Try it:
When you reach the line with "beekeeper takes honeycombs" in the listing below, transcribe it and each line after it up to and including the line with "Police fire water", exactly and with nothing else.

Given data:
- Opening Delimiter -
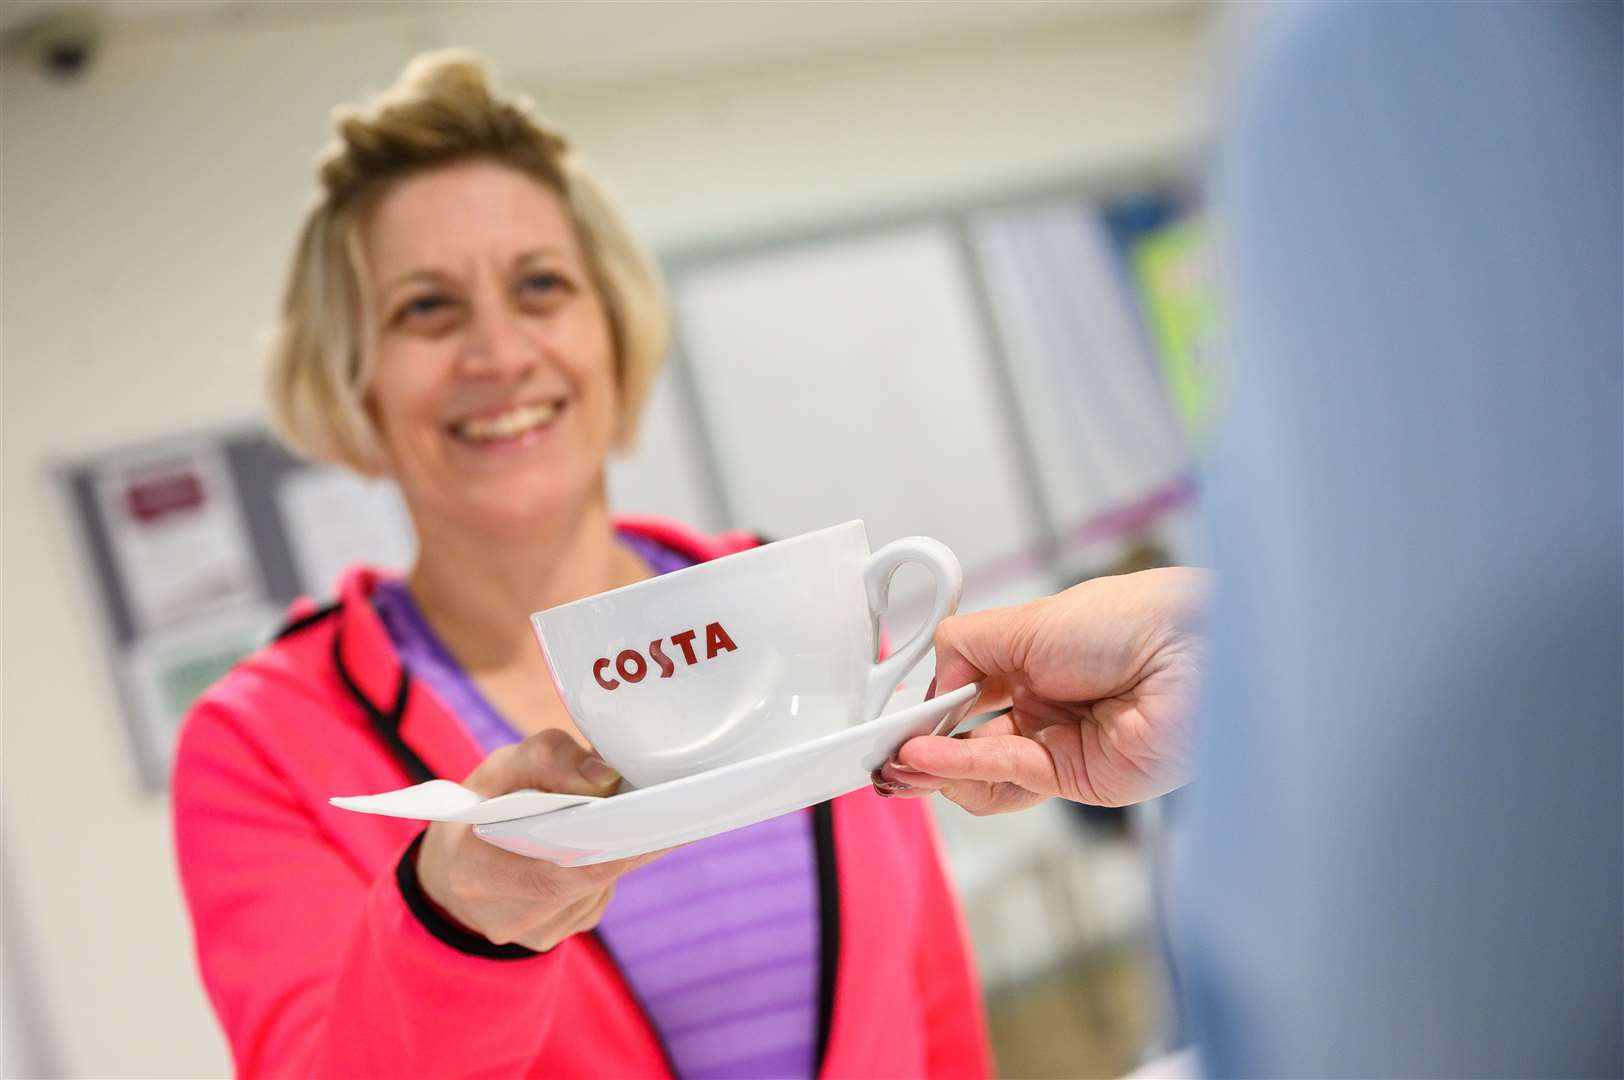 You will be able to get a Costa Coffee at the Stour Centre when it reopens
- Closing Delimiter -
- Opening Delimiter -
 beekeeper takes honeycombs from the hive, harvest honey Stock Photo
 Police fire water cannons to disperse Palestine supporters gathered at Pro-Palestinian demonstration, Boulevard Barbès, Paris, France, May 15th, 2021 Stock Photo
- Closing Delimiter -
- Opening Delimiter -
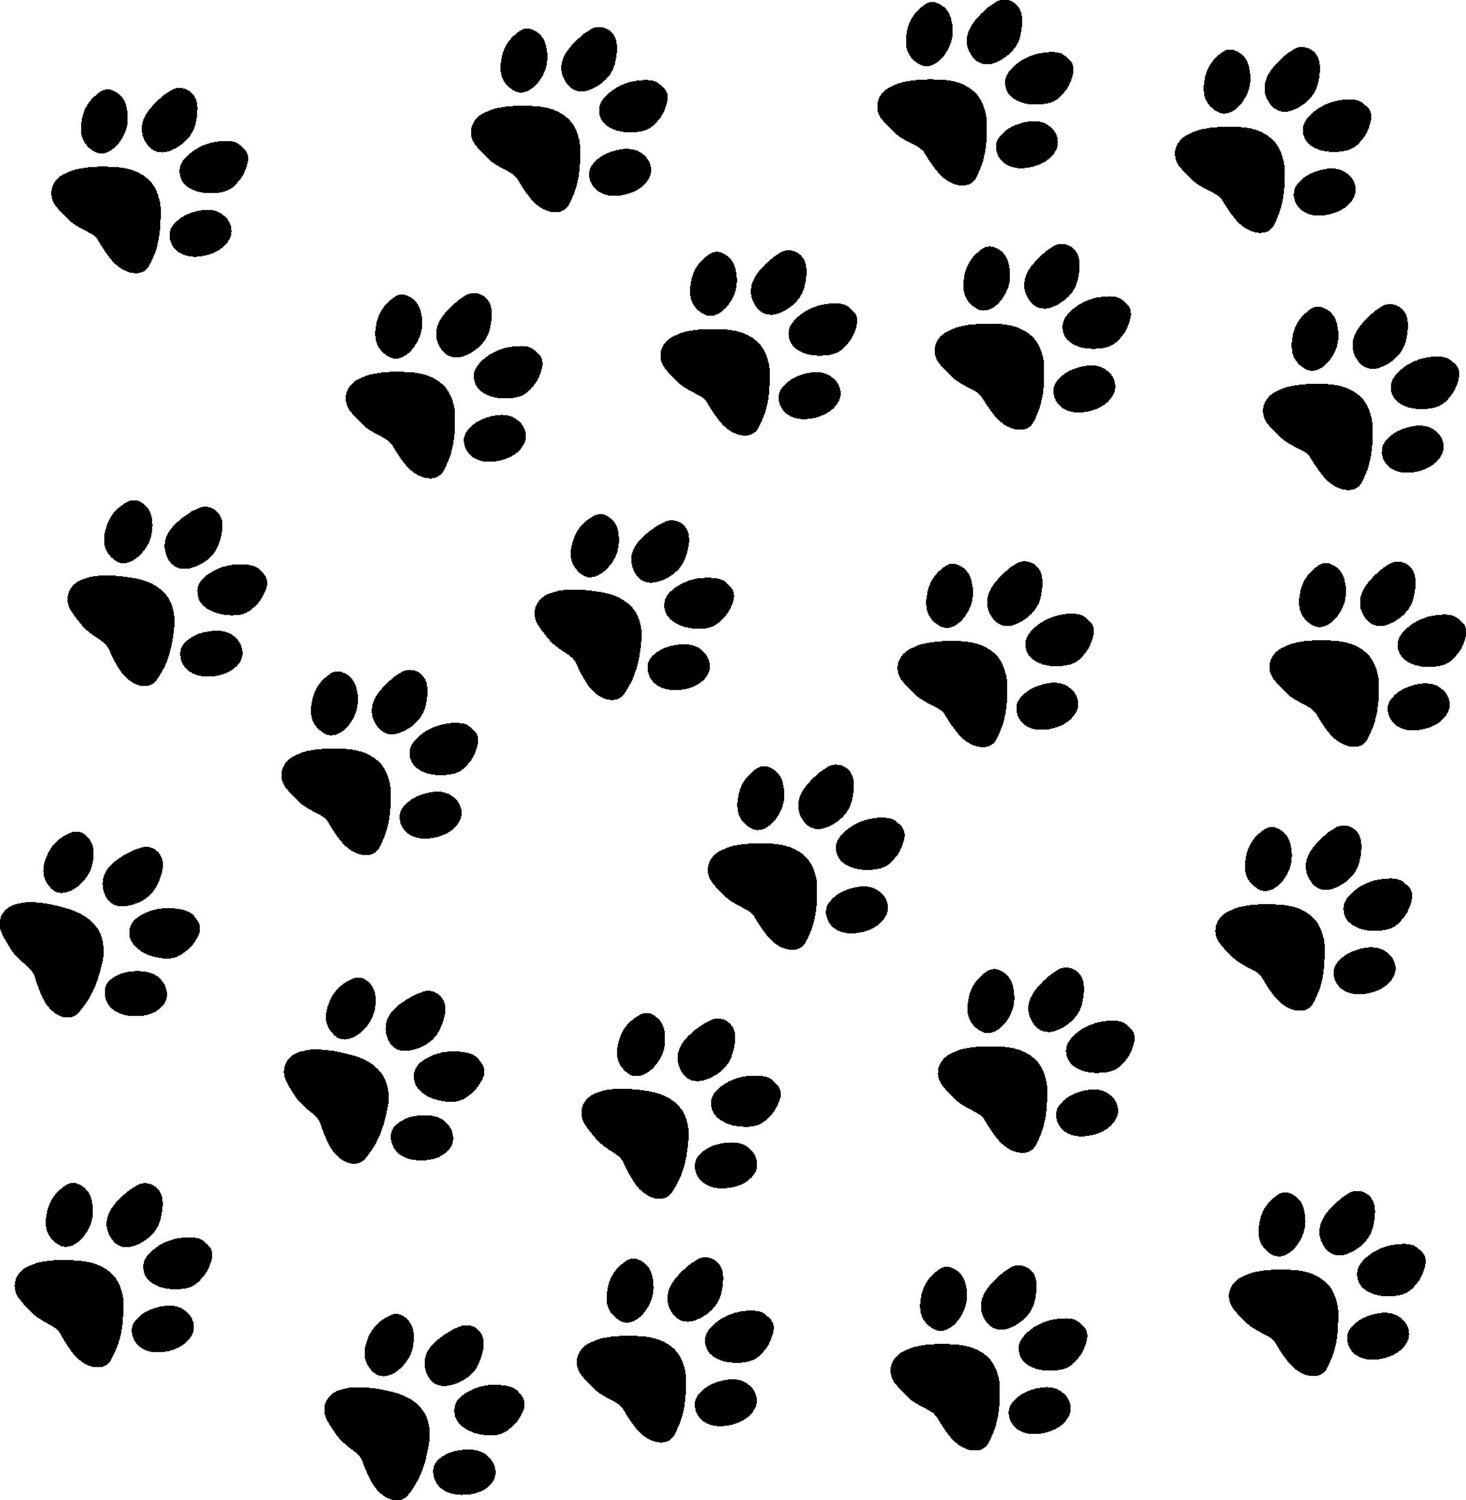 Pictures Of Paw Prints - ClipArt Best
- Closing Delimiter -
Your response:
 beekeeper takes honeycombs from the hive, harvest honey Stock Photo
 Police fire water cannons to disperse Palestine supporters gathered at Pro-Palestinian demonstration, Boulevard Barbès, Paris, France, May 15th, 2021 Stock Photo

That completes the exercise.